Roland would have understood.
20
JAKE WAS WRONG IN his assessment of the gunslinger’s ability to follow their path through the maze; Jake’s pack was only the most obvious bit of sign they left behind them, but Roland quickly realized he did not have to pause to look for sign. He only had to follow Oy.
He paused at several intersecting passages nevertheless, wanting to make sure, and each time he did, Oy looked back and uttered his low, impatient bark that seemed to say, Hurry up! Do you want to lose them? After the signs he saw-a track, a thread from Jake’s shirt, a scrap of bright yellow cloth from Gasher’s scarf-had three times confirmed the bumbler’s choices, Roland simply followed Oy. He did not give up looking for sign, but he quit making stops to hunt for it. Then the drums started up, and it was the drums-plus Gasher’s nosiness about what Jake might be carrying-that saved Roland’s life that afternoon.

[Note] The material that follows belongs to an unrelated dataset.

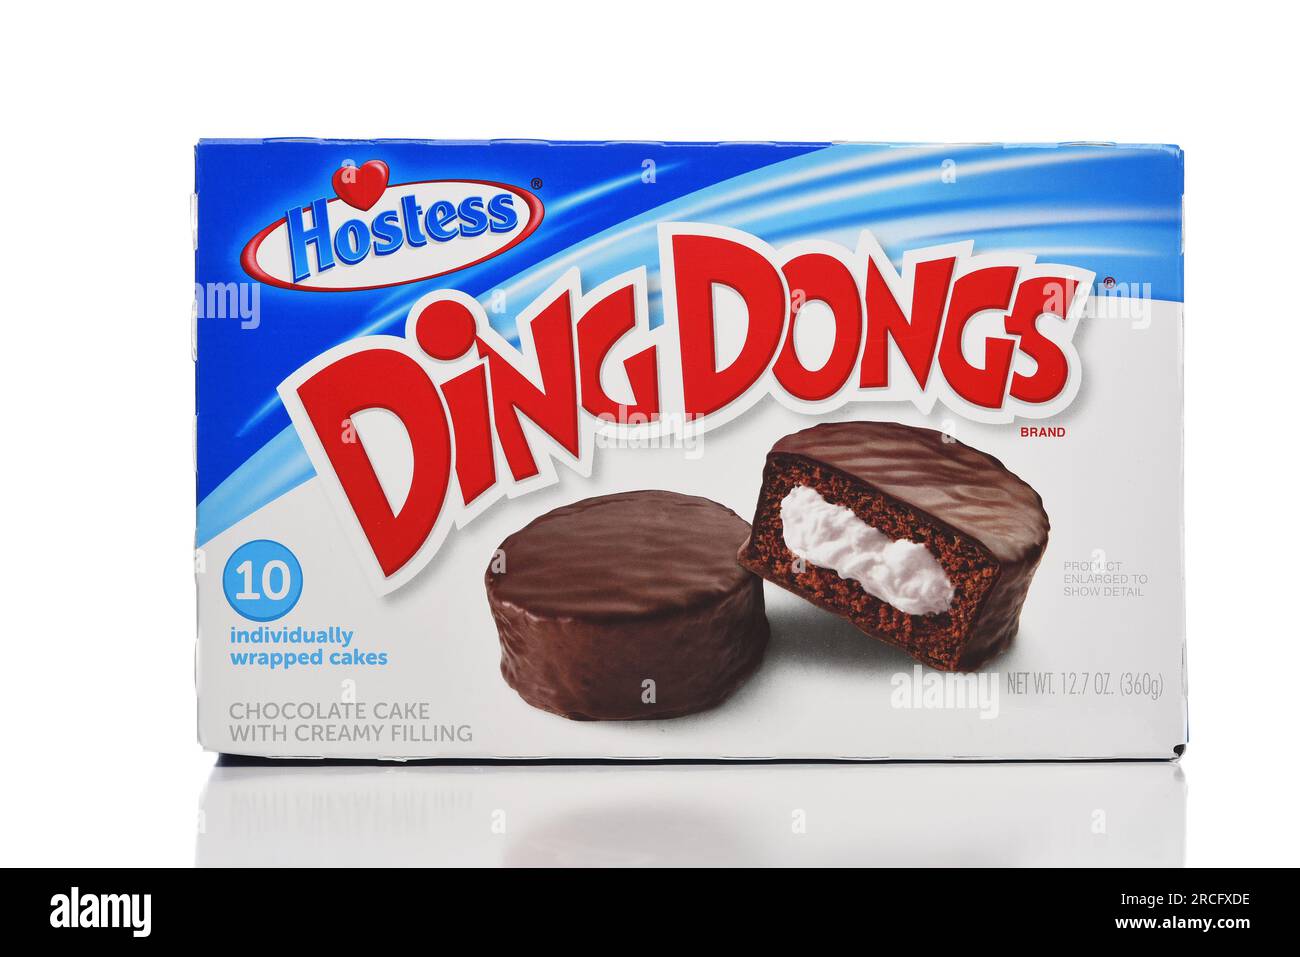 IRVINE, CALIFORNIA - 14 JULY 2023: a box of Hostess Ding Dongs individually wrapped cakes. Stock Photo

He skidded to a halt in his dusty boots, and his gun was in his hand before he realized what the sound was. When he did realize, he dropped the revolver back into its holster with an impatient grunt. He was about to go on again when his eye happened first on Jake’s pack… and then on a pair of faint, gleaming streaks in midair just to the left of it. Roland narrowed his eyes and made out two thin wires which crisscrossed at knee level not three feet in front of him. Oy, who was built low to the ground, had scurried neatly through the inverted V formed by the wires, but if not for the drums and spotting Jake’s castoff pack, Roland would have run right into them. As his eyes moved upward, tracing the not-quite-random piles of junk poised on either side of the passageway at this point, Roland’s mouth tightened. It had been a close call, and only ka had saved him.